Collected material
# # # #

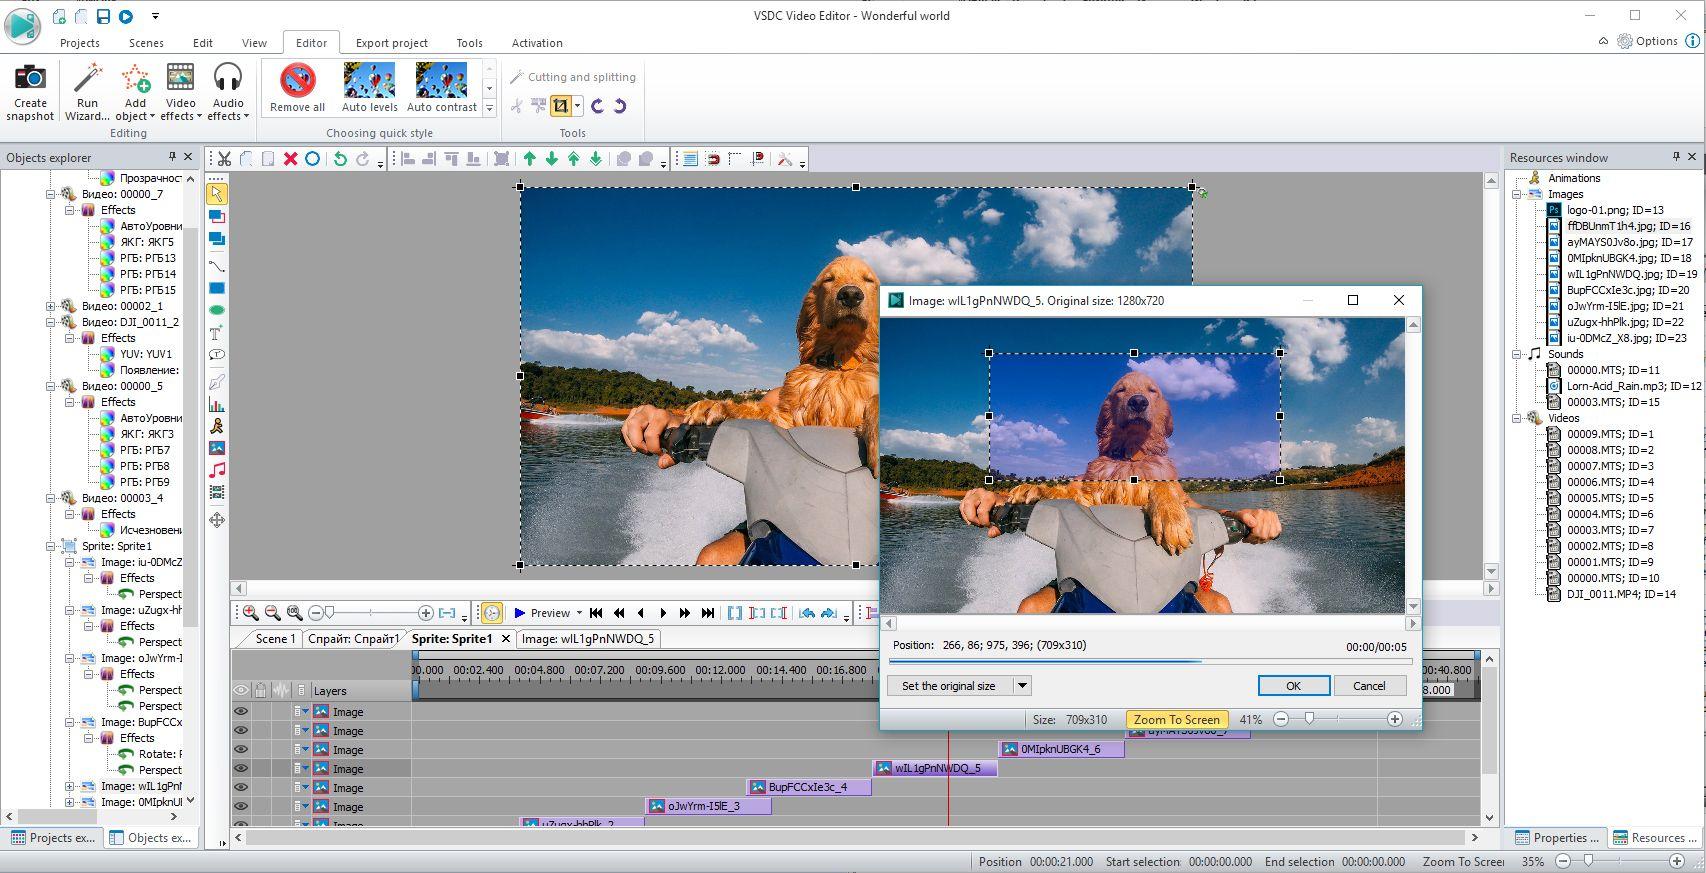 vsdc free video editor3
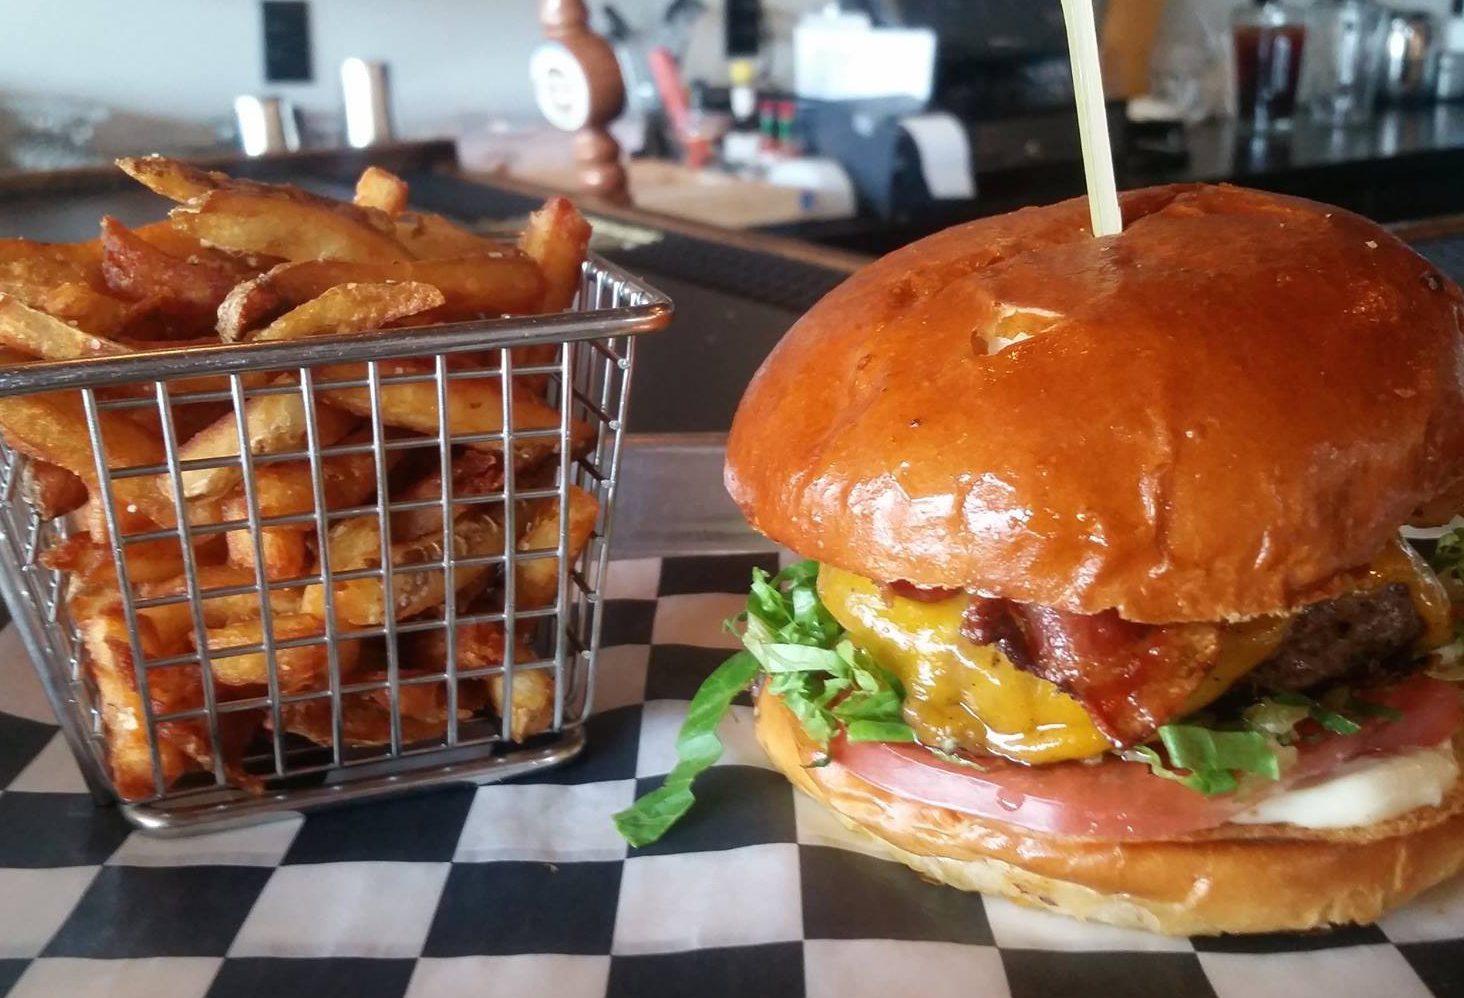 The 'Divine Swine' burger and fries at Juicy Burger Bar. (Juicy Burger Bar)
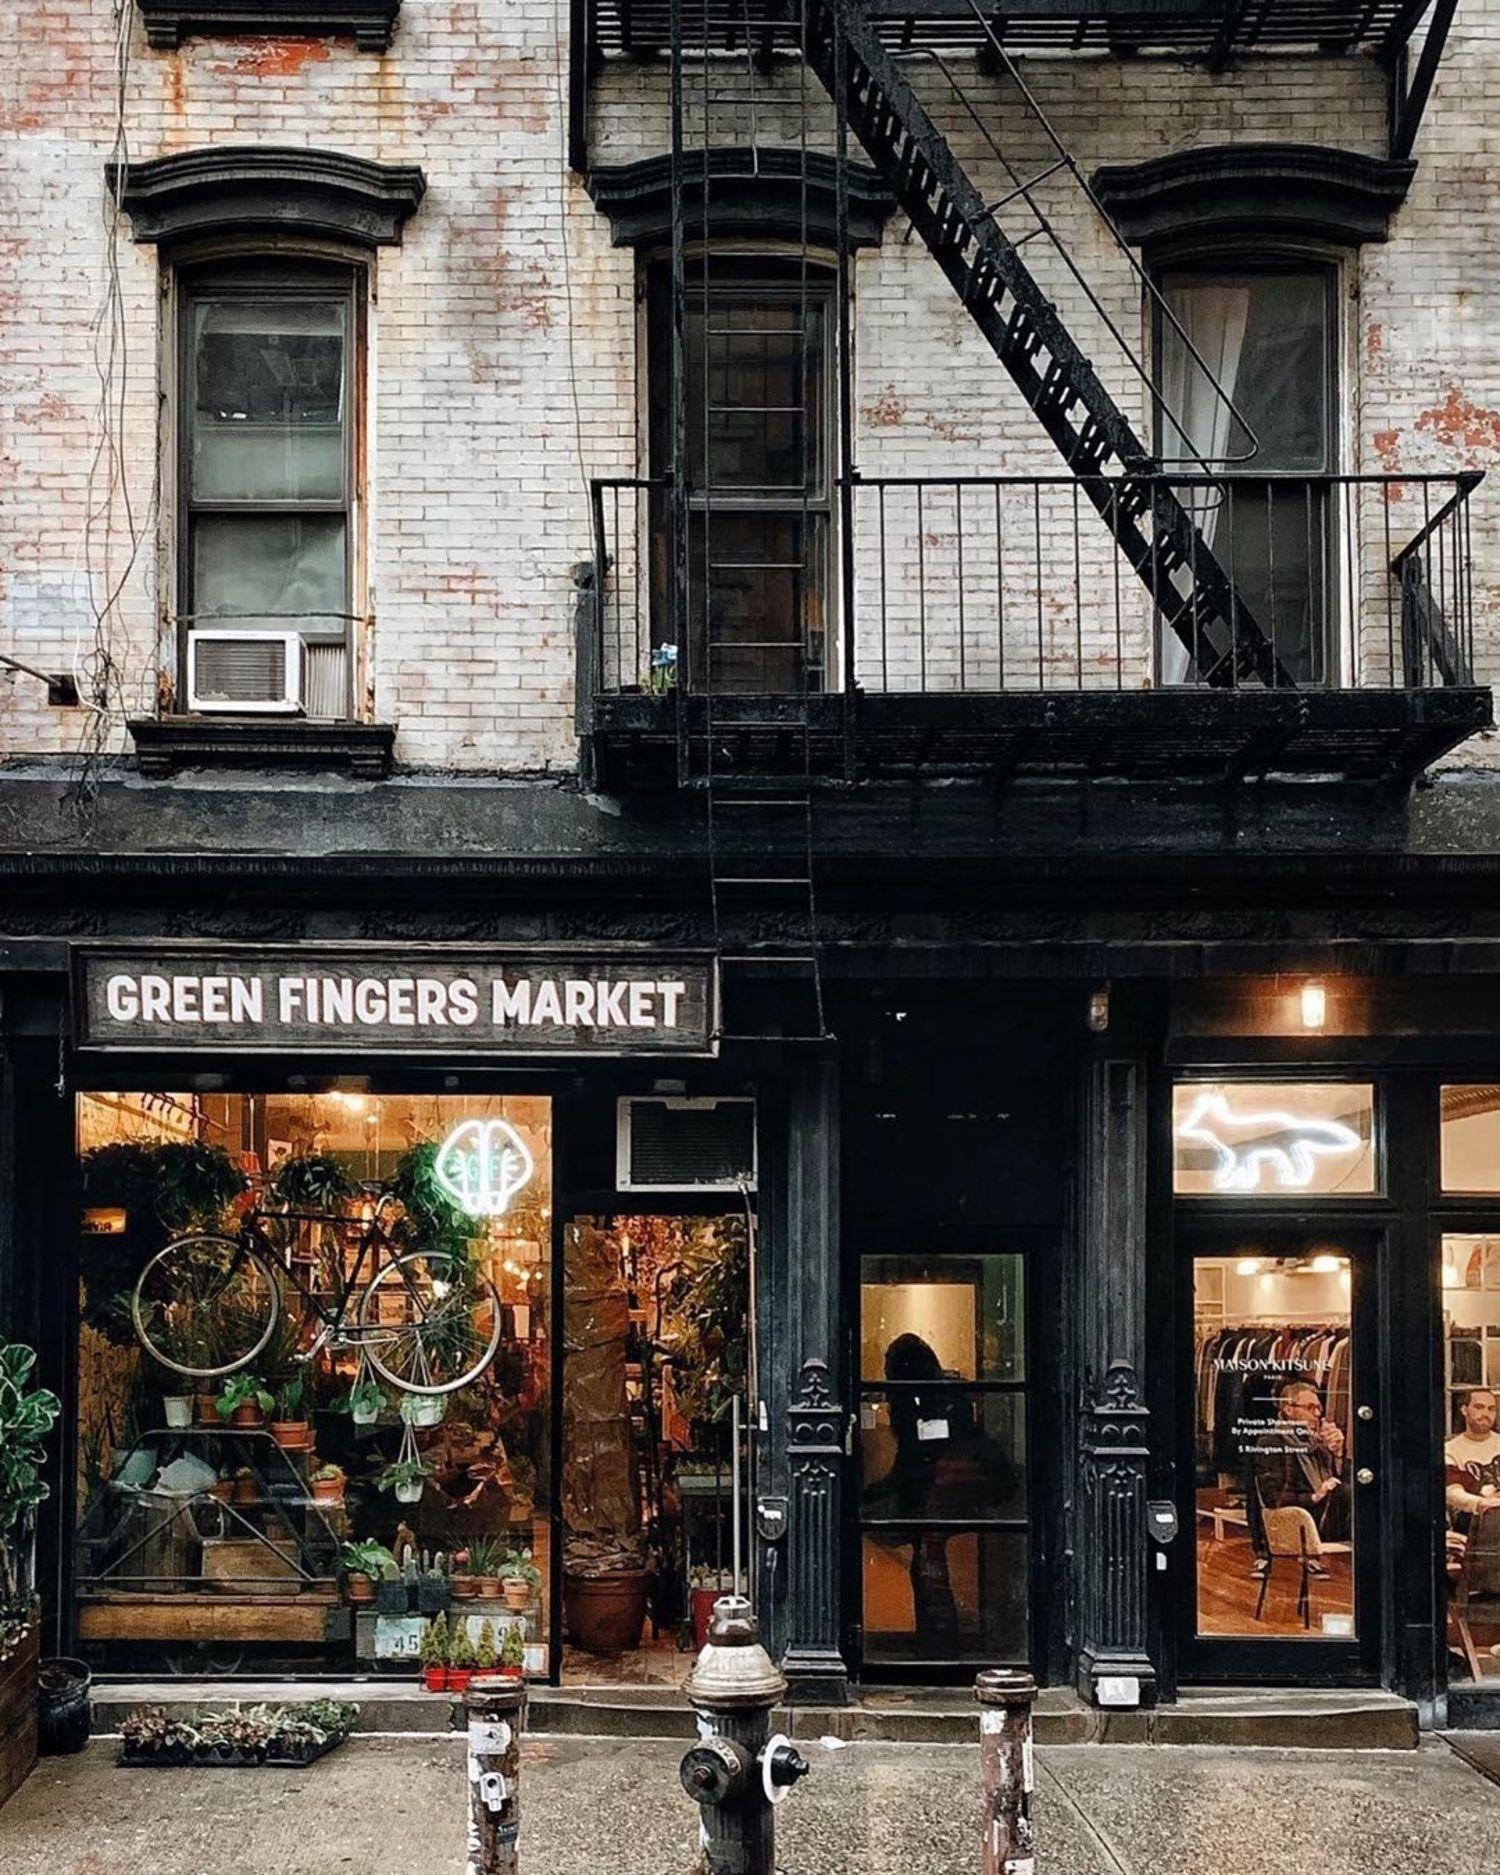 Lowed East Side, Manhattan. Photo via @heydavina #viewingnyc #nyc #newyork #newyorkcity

# # # #

In your copy, omit the pictures and restate every line of the data word for word.

 vsdc free video editor3
 The 'Divine Swine' burger and fries at Juicy Burger Bar. (Juicy Burger Bar)
 Lowed East Side, Manhattan. Photo via @heydavina #viewingnyc #nyc #newyork #newyorkcity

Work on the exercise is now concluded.